3.2.1. Function and functional unit

Life cycle assessment is based on the study of the function of a system and defines a “functional unit” which represents a quantification of the function of the system studied (performance and duration of operation). For this study, the functional unit is to: “Produce one kWh of electricity from the French EDF nuclear fleet”. The 1 kWh of nuclear power generated is fed into the grid. In principle, 2019 data were used (especially for the electricity production stage), and when not available, the most recent data were applied.

3.2.2. System boundaries

The definition of the system boundaries allows the identification of all relevant activities (life cycle stages, processes, flows) that are considered in the LCA and that are consistent with the purpose of the study. In this study, the following main life cycle stages were considered:

  • The extraction of the uranium ore and its milling (“Mines”): includes all energy consumption of the mines, as well as the materials and energy for separating uranium from the other ore constituents; mining waste and transportation from the mines to the various processing centers are also considered.

  • The conversion, enrichment, and generation of the fuel (“Fuel”): includes reagents and energy consumptions, losses of uranium within the various sites, as well as transportation between sites.

  • The electricity production (construction, operation, and dismantling stages of the nuclear power plants) (“Electricity production”): includes energy and materials for the construction of reactors, operation and heavy maintenance, as well as dismantling and waste.

  • Spent fuel treatment (“Spent fuel treatment”): includes energy use and reagent consumption during the processing operation, as well as waste production.

  • The disposal facilities for the radioactive waste (“Waste storage”): includes energy use, storage center infrastructure, and transportation of various types of waste (VLLW, LILW-SL, HLW & ILW-LL) to their disposal facilities.

The construction of the facilities required through the life cycle (mines infrastructures, plants for the production of the fuel and spent fuel treatment), is also included. The transmission of electricity was excluded from the scope, as it is outside of the direct control of EDF. Finally, the construction of new reactors (EPR) was excluded, as well as the flows that are related to administrative services and transport of employees.

3.3. Life cycle inventory

Different sources of data were used. Primary data specific to the EDF nuclear fleet were collected by EDF for year 2019 and concerned the electricity production stage (construction, operation, and dismantling).

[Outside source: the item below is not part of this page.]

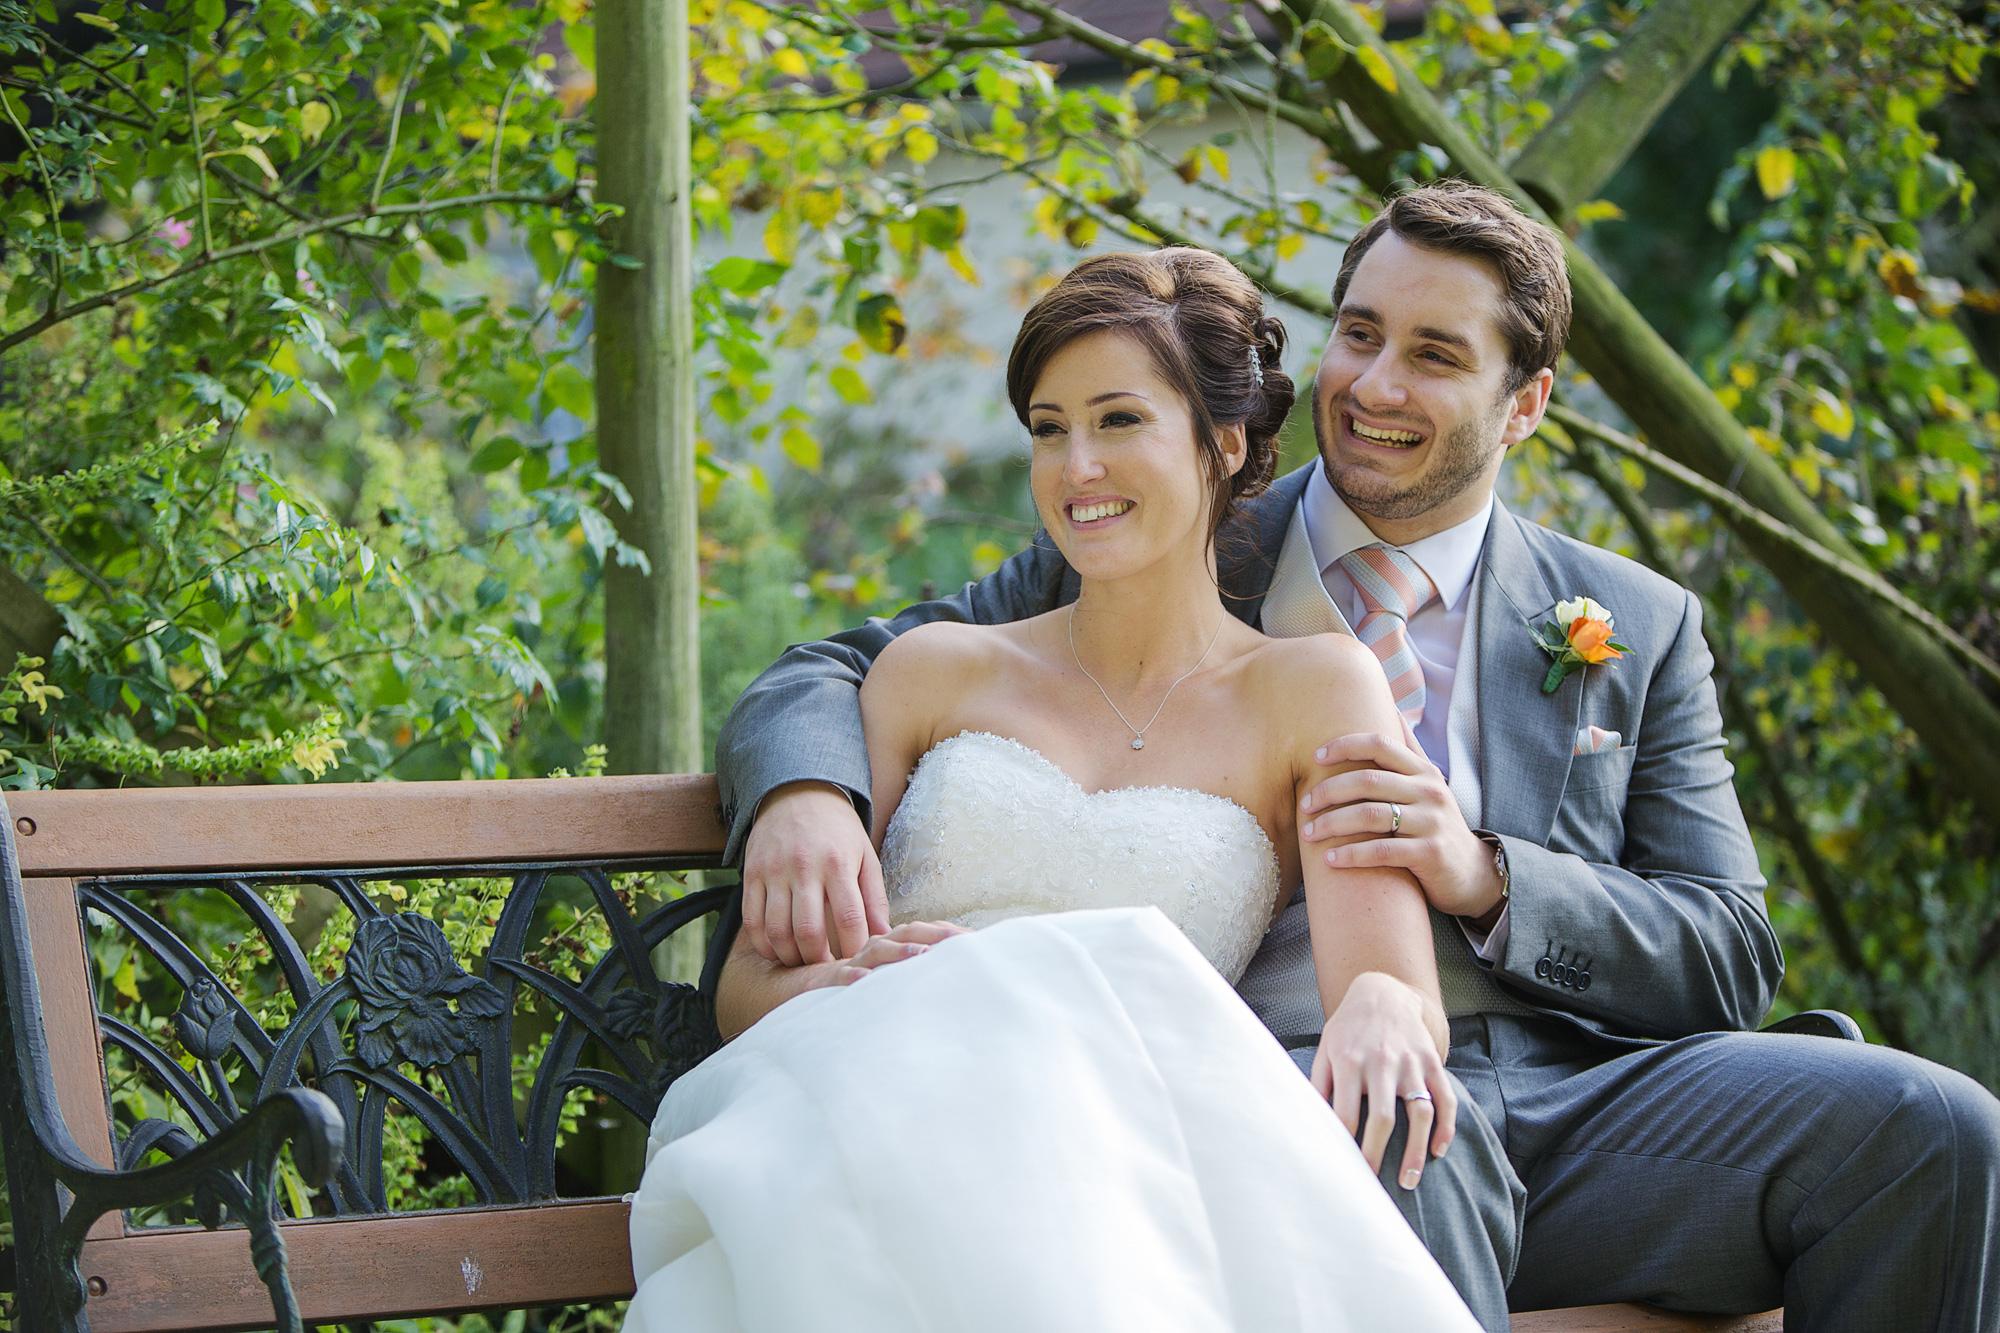 Adam_Hillier_Wedding_Photographer_Newbury_Berkshire_6 (7).jpg

For the remaining life cycle stages, they are outside of EDF control, and therefore, the data and hypothesis applied were mainly based on the ecoinvent database 3.6 [20]. Two complementary sources of primary data were also used:

  • Orano/PNGMDR report [21], assembling the most up-to-date data for the French electronuclear cycle, which however did not undergo a critical review and is not representative of EDF suppliers.

  • EDF in-house expertise; internal experts for each life cycle stage were consulted and the ecoinvent data updated, if necessary, in full transparency.

Hypothesis concerning EDF suppliers of uranium, largely common to Euratom suppliers, were based on data published annually by the Euratom Supply Agency of the European Commission [22].

Secondary data for the background processes, such as environmental balance of concrete, steel, electricity, and transport, were based on the ecoinvent database 3.6. [20].

Table 1 shows the main life cycle inventory data of EDF nuclear kWh.

Table 1.

Life cycle inventory of the EDF nuclear kWh. (EDF/DCN = EDF Nuclear Fuel Division).

3.4. Environmental evaluation

The potential impact indicators of the International Life Cycle Data system (ILCD) were used in this study [23]. Results were presented for 10 indicators, each ranked I or II for their level of robustness (Tab. 2). Robustness defines the degree of recognition and soundness of the model behind each indicator by LCA experts.

Table 2.

Environmental indicators selected for this study.

Four ILCD indicators were not considered in this study: water consumption, land use, human toxicity and freshwater ecotoxicity. This is mainly because of their low robustness (III for water consumption and land use, and II/III for human toxicity and freshwater ecotoxicity). For land use [24], the integration of scientifically sound indicator is still at research level. For both human toxicity and freshwater ecotoxicity based on USEtox model [25], there are important uncertainties associated with the model.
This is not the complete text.